He immediately checked in with the doctors at BC and had a lot of tests undertaken.
 
After Gavin’s experiences high on the mountain yesterday when his mask failed at 8500m he reported being very frightened as he felt all the traits of HAPE (High Altitude Pulmonary Edema) hitting his body, as had happened to him in 2007.

After all the tests it shows that Gavin was not hit by HAPE, HACE (High altitude cerebral edema) or even AMS (Acute Mountain Sickness) but did suffer Acute Hypoxia.  This hit at the very minute when his mask failed to deliver oxygen to his body.
 
He is now in Base Camp and considering yesterday he was at 8500m on Everest with no oxygen is feeling really good! At altitude your body is always deteriorating especially in the death zone - above 8000m, yet Gavin reports feeling well. For most, the amount of body fat you lose, the constant physical activity and pressure on you climbing Everest really wears you down physically and mentally, so it’s great to hear that Gavin is feeling well today. 

Gavin sends his continued thanks to everyone who has been following him here on Myeverestchallenge.com and also via twitter and via youtube .     In particular he wishes to thank also those who have donated to Moving Mountains, the purpose for his Everest attempts.
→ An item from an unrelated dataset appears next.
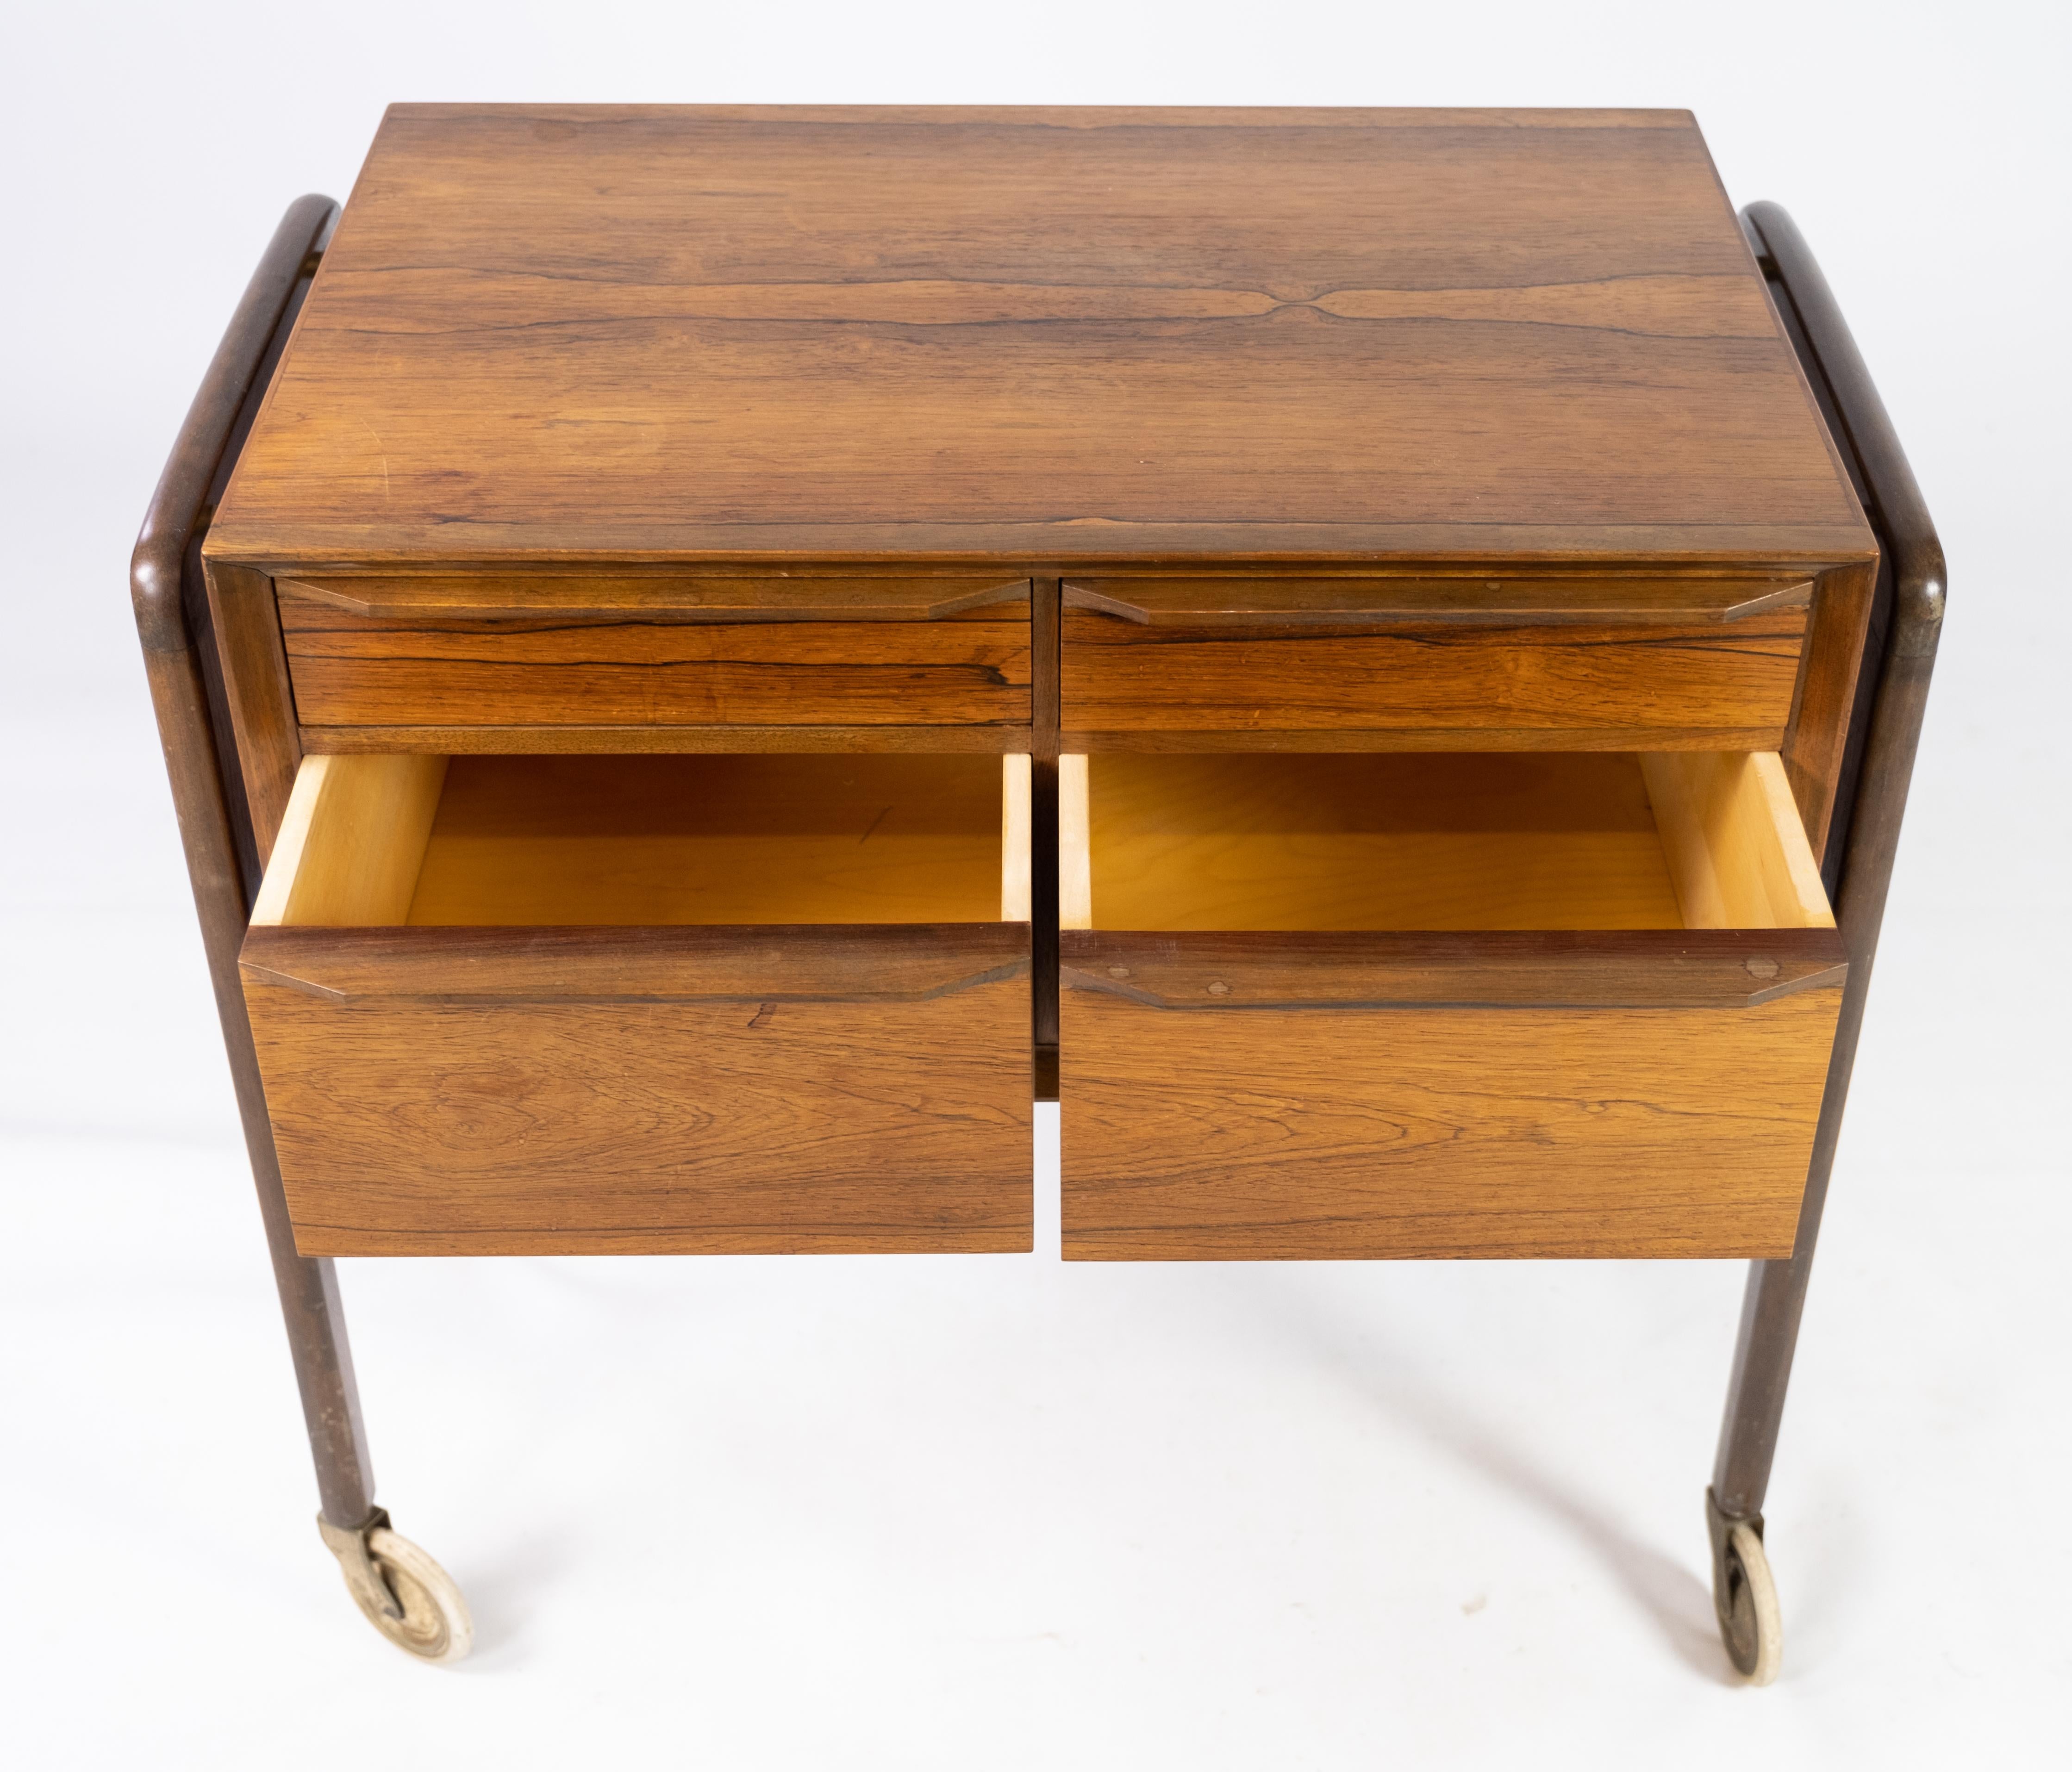 Small Chest of Drawers on Wheels in Rosewood of Danish Design from the 1960s For Sale 2

He will hopefully send us an update and voice message later on.

 
 
May 19th, 2009

** Update by Support Team in Ireland - 14:43 GMT **

Gavin has just called in from Camp 2 however the line was very bad.  At this time we can confirm that neither Gavin nor Eddie summited the mountain. We are all disappointed for them here but over the moon that they are all alive and well.

Gavin reports that he was going good but in very cold weather, not windy but extreme cold, his mask started freezing up. This reduced if not fully stopped his oxygen intake and quickly brought on the same symptoms of HAPE as he experienced last time in 2007. 

Without Oxygen to warm his blood and fluid building in his lungs he felt a collapse of life quickly approaching as he had experienced in 2007. He had no option but to get off the mountain and was assisted by his already proven guardian angel Sherpa Pasang along with Sherpa Danu. We are not certain at what height this occurred but are guessing it was below the South Summit at about 8500m. Gavin with the assistance of his two friends dropped down and eventually after a dramatic descent reached Camp two where he was checked out by the medics who confirmed his suspicions and administered dexamethasone, with a comment that he is lucky to be alive.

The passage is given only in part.